◆ TASK STATEMENT
Copy the records below exactly, leaving out any pictures.

◆ DATASET ENTRIES
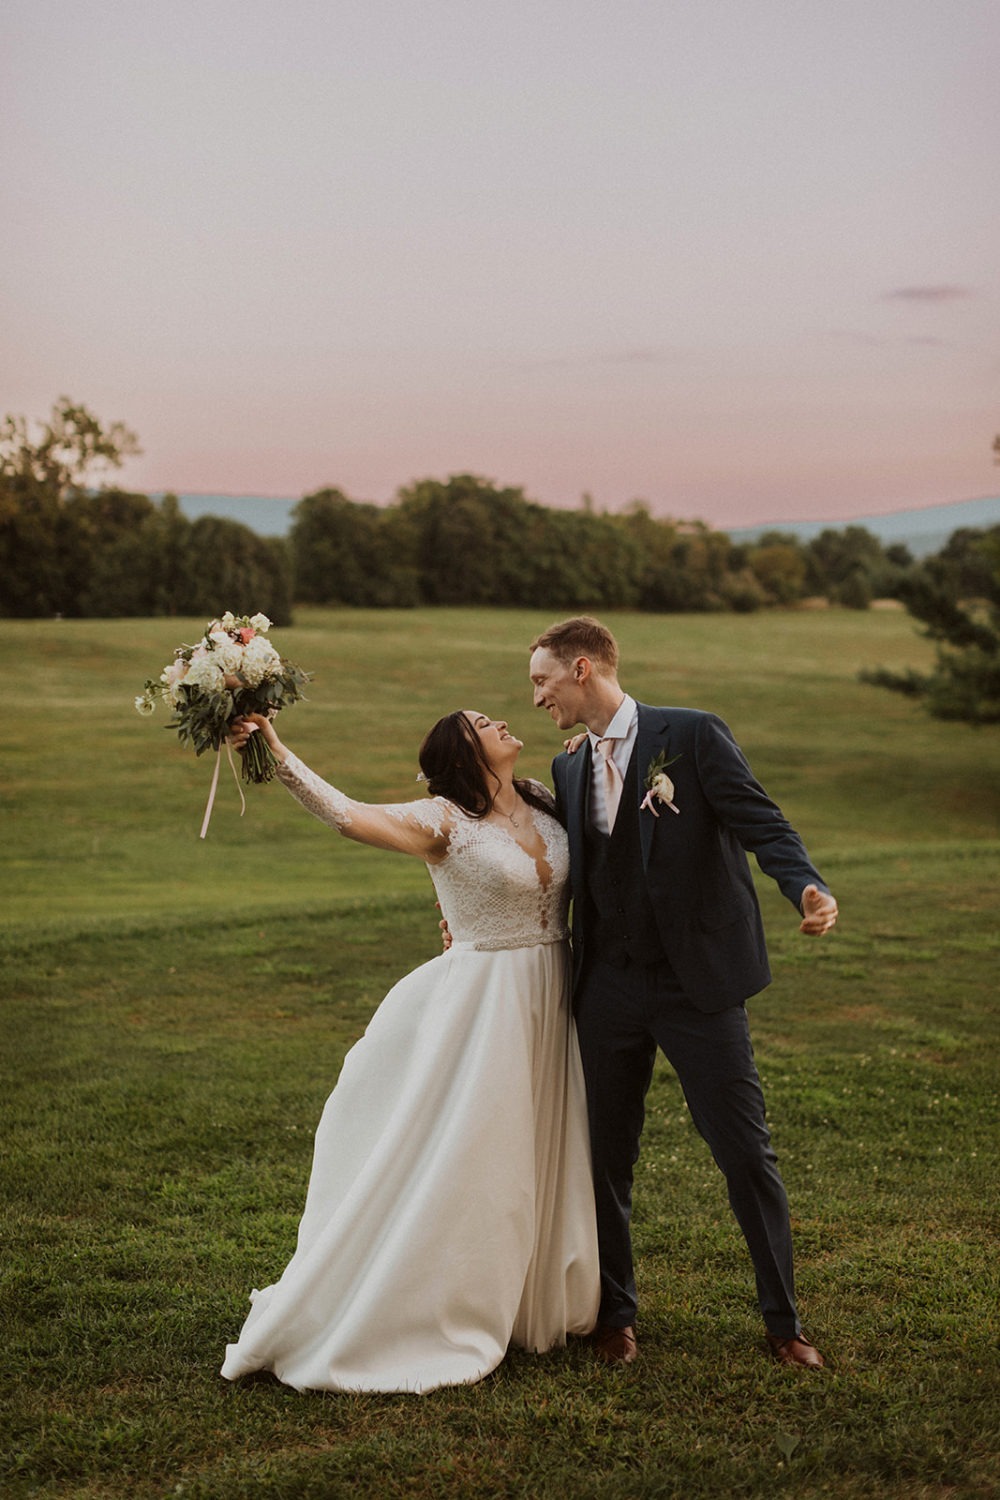 Couple embraces with bouquet in the air at farm sunset wedding
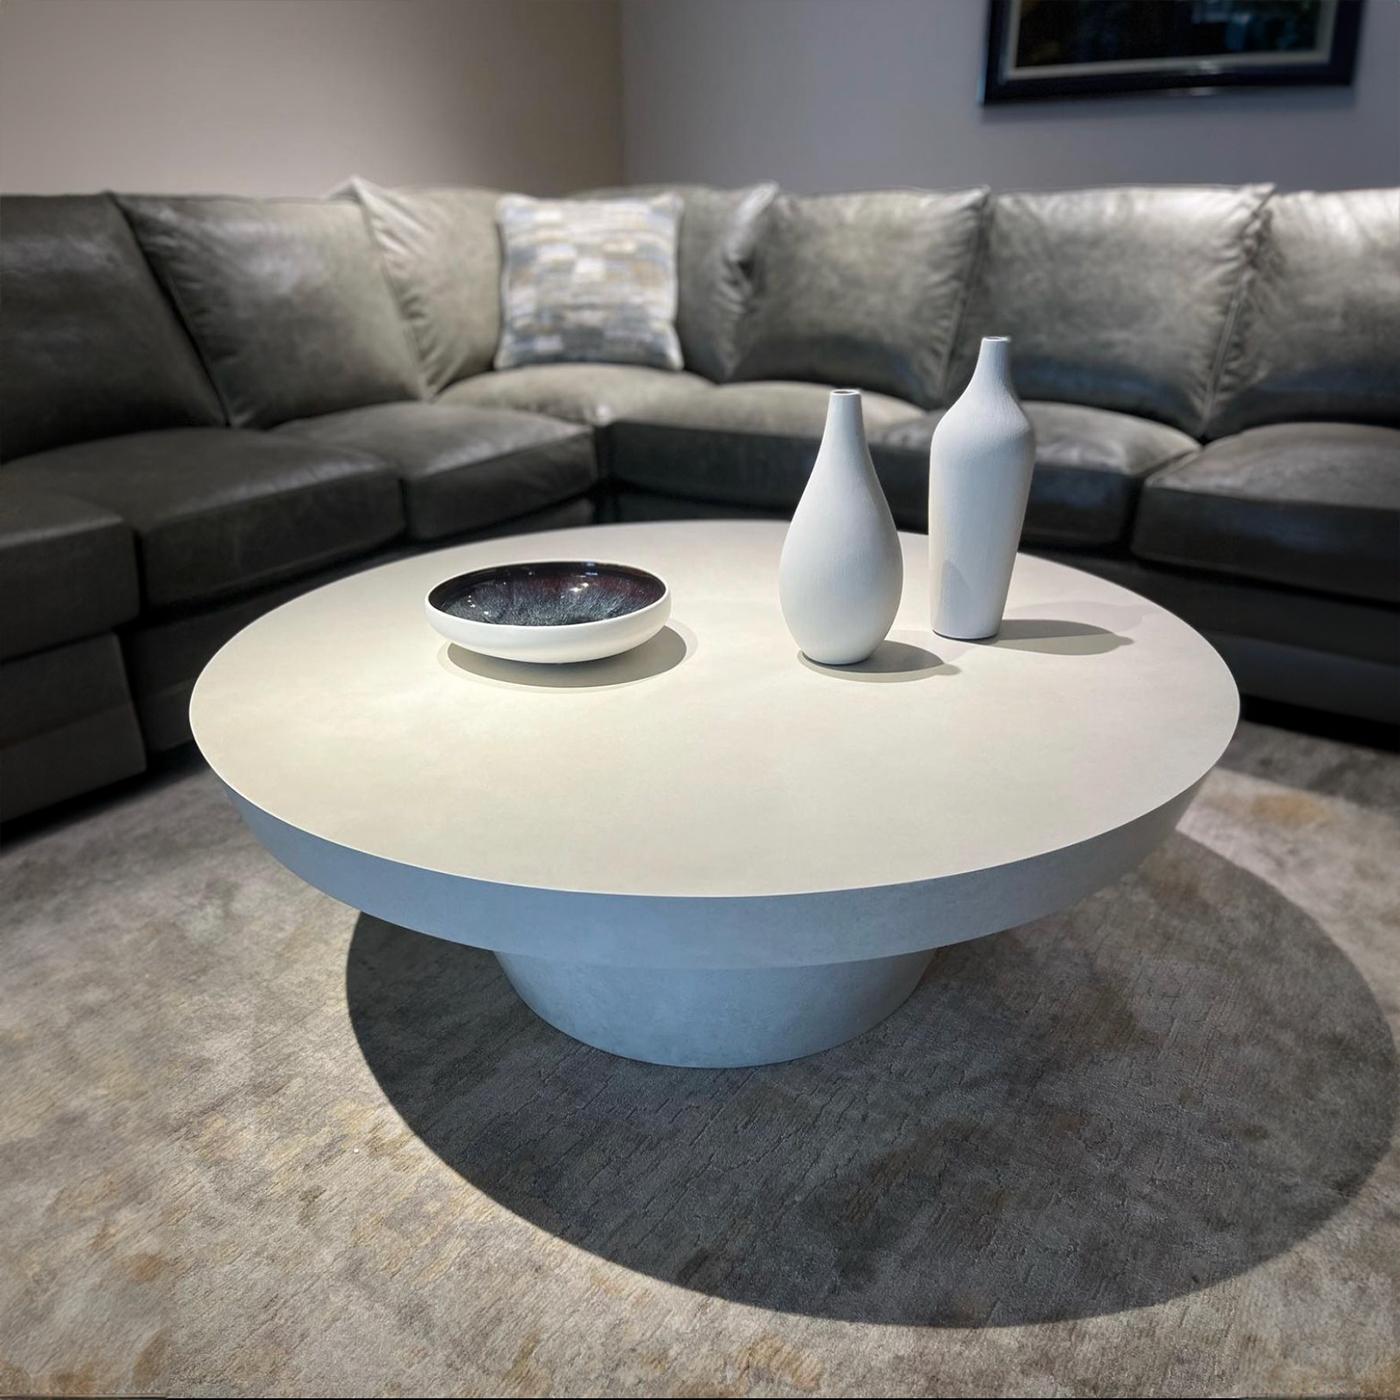 Contemporary round coffee table with a thick, tapered top edge and raised on a tapered plinth base. 

The Egret taupe-white lacquer finish with a satin sheen adds a luxurious touch, creating a seamless and polished look.

Dimensions: 48
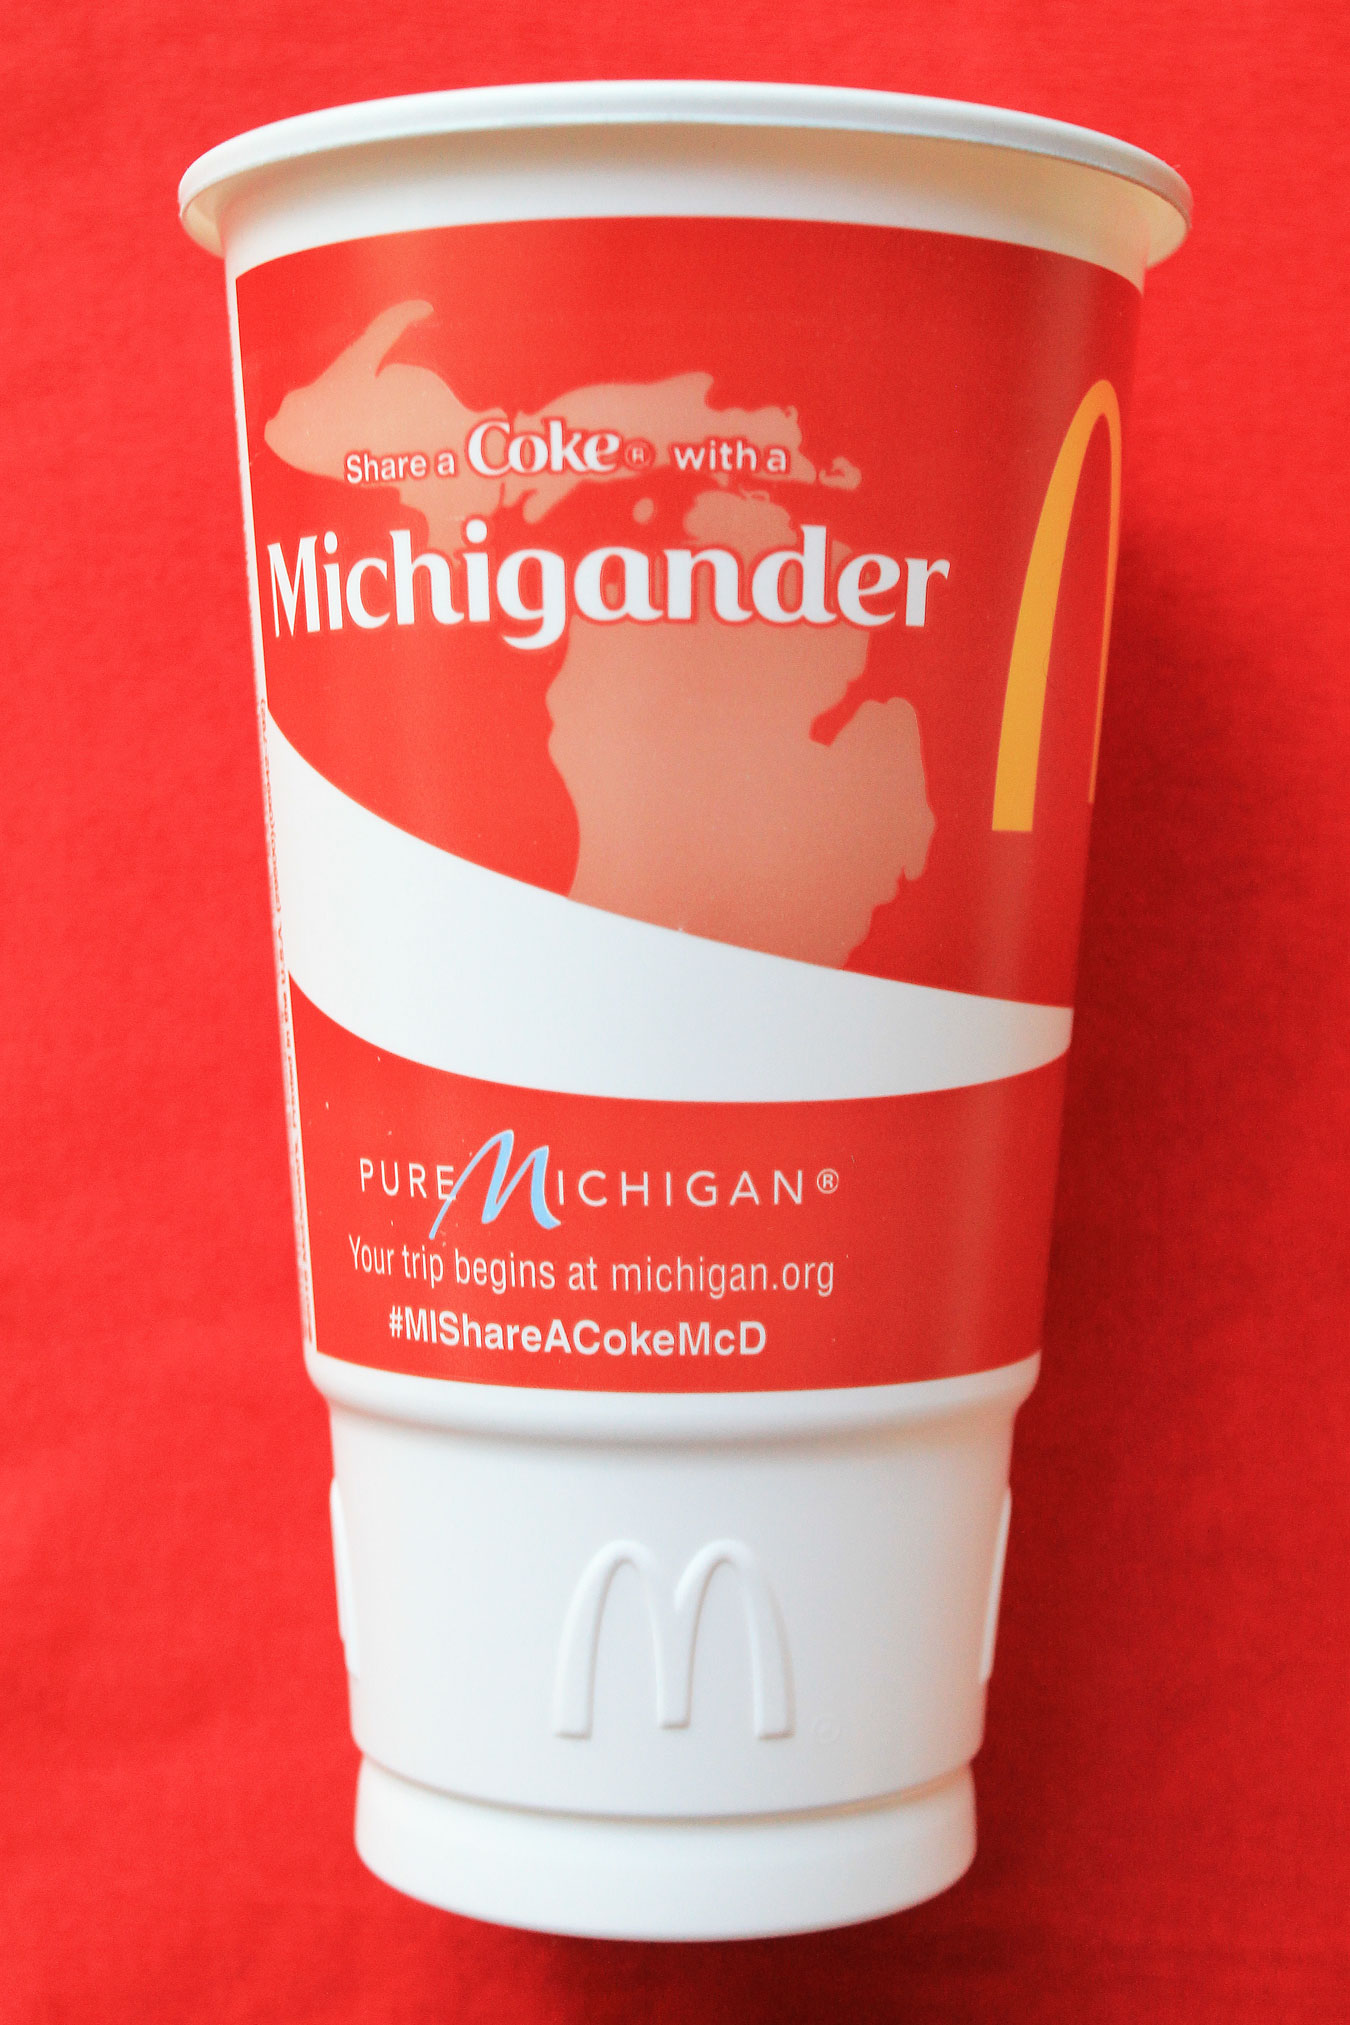 End of Summer Road Trip: Share A Coke Michigan Style At McDonald's (MIShareACokeMcD) - via Wading in Big Shoes
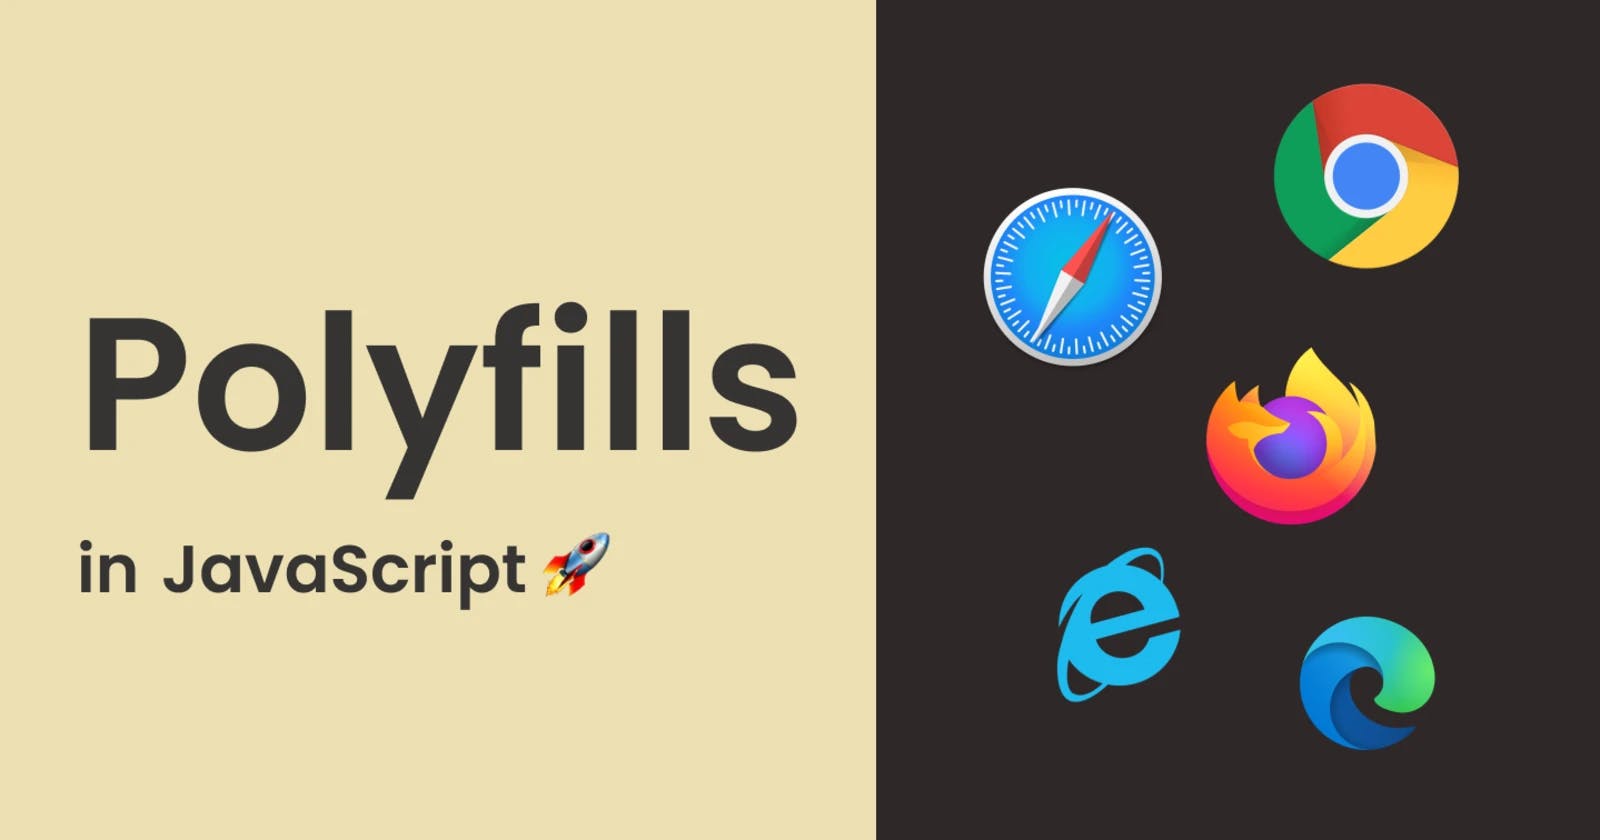 What is Pollyfills in Javascript ?
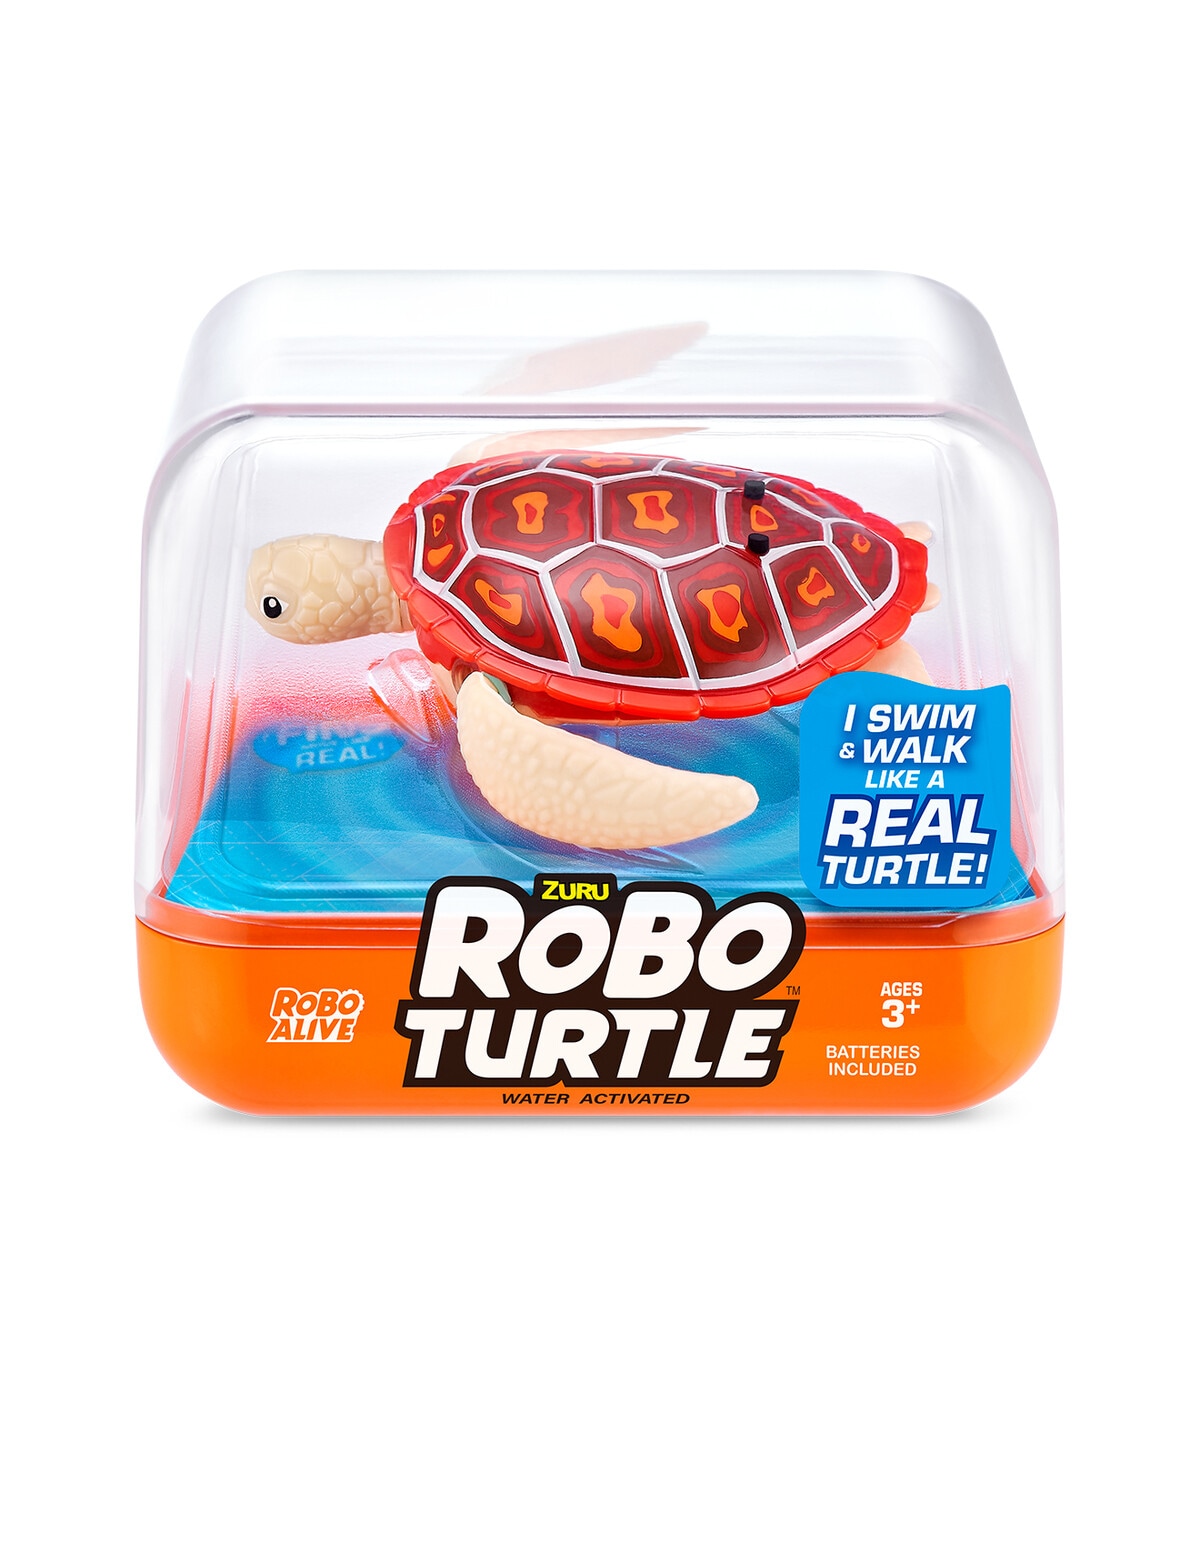 ROBO ALIVE Robo Turtle Robotic Swimming Turtle (Orange + Blue) by ZURU  Water Activated, Comes with Batteries,  Exclusive (2 Pack)

◆ RESPONSE AREA
 Couple embraces with bouquet in the air at farm sunset wedding
 Contemporary round coffee table with a thick, tapered top edge and raised on a tapered plinth base. 

The Egret taupe-white lacquer finish with a satin sheen adds a luxurious touch, creating a seamless and polished look.

Dimensions: 48
 End of Summer Road Trip: Share A Coke Michigan Style At McDonald's (MIShareACokeMcD) - via Wading in Big Shoes
 What is Pollyfills in Javascript ?
 ROBO ALIVE Robo Turtle Robotic Swimming Turtle (Orange + Blue) by ZURU  Water Activated, Comes with Batteries,  Exclusive (2 Pack)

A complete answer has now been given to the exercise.